This result is independent of $M$.  We can even take $M=1$. In
this case, $\tilde g = G(x,w_1)$.  In other words, we simply
generate \emph{one} sample $w_1$ and use the subgradient of
$F$ for that value of $w$. In this case $\tilde g$ could hardly
be called a good approximation of a subgradient of $f$, but its
mean is a subgradient, so it is a valid noisy unbiased subgradient.
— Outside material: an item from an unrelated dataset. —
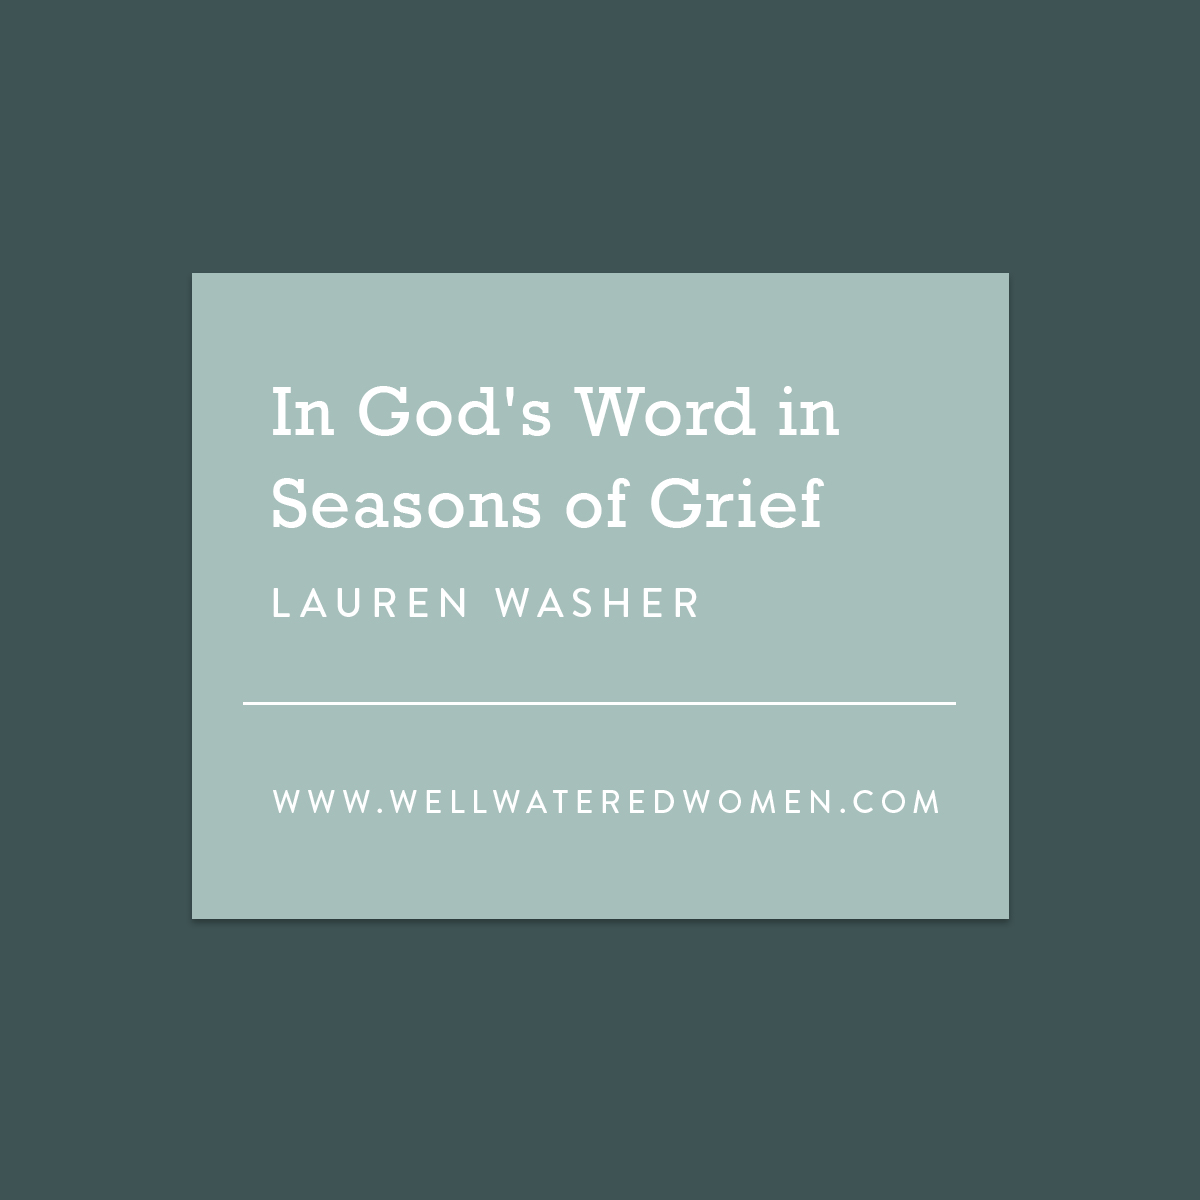 In God's Word In Seasons of Grief - an Article from Well-Watered Women
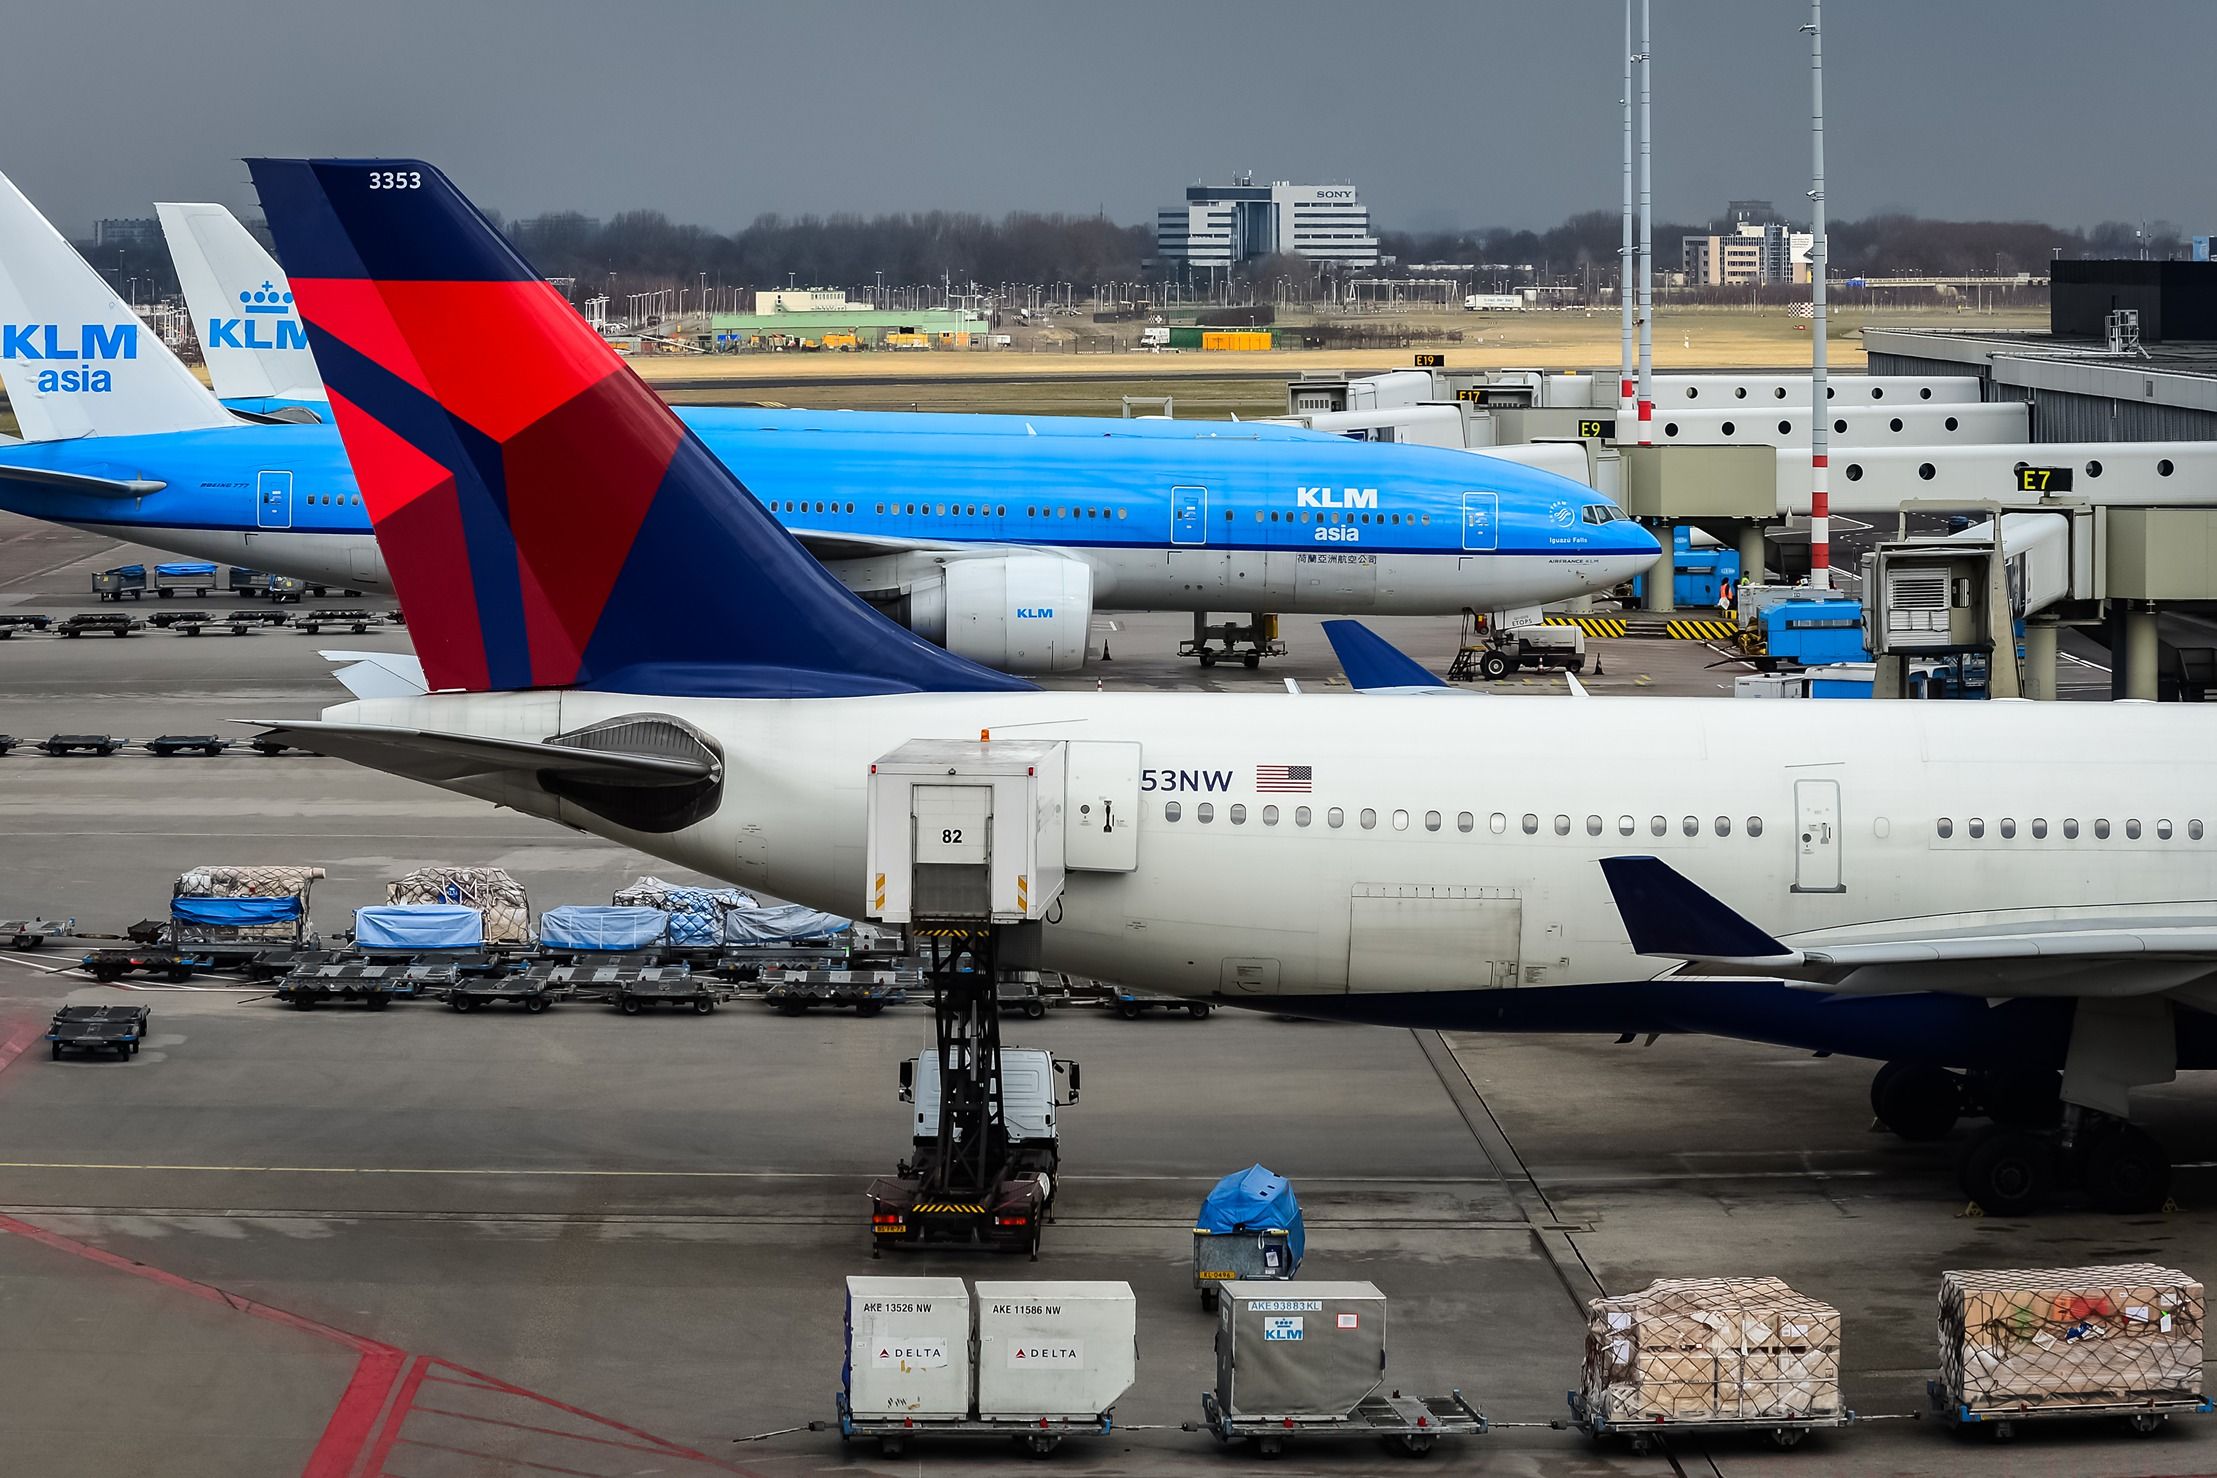 KLM and Delta aircraft parked on the tarmac at Amsterdam Airport Schiphol.

On the other hand, we can take $M$ to be large.  In this case,
$\tilde g$ is a random vector with mean $g$ and very small variance,
\ie, it is a good estimate of $g$, a subgradient of $f$ at $x$.

\subsection{Example}

We consider the problem of minimizing the expected value
of a piecewise-linear convex function with random coefficients,
\[
\begin{array}{ll} \mbox{minimize} &
f(x) = \Expect \max_{i=1,\ldots,m} (a_i^T x + b_i),
\end{array}
\]
with variable $x \in \reals^n$.
The data vectors $a_i \in \reals^n$ and $b_i \in \reals$
are random with some given distribution.
We can compute an (unbiased) approximation of $f(x)$, and a
noisy unbiased subgradient $g \in \partial f(x)$, using
Monte Carlo methods.

We consider
a problem instance with $n=20$ variables and $m=100$ terms.
We assume that $a_i \sim \mathcal{N}(\bar a_i, 5 I)$
and $b \sim \mathcal{N}(\bar b, 5 I)$.
The mean values $\bar a_i$ and $\bar b$ are generated
from unit normal distributions (and are the same as the constant
values used called $a_i$ and $b_i$ in previous examples).
We take $x^{(1)}=0$ as the starting point
and use the step size rule $\alpha_k=1/k$.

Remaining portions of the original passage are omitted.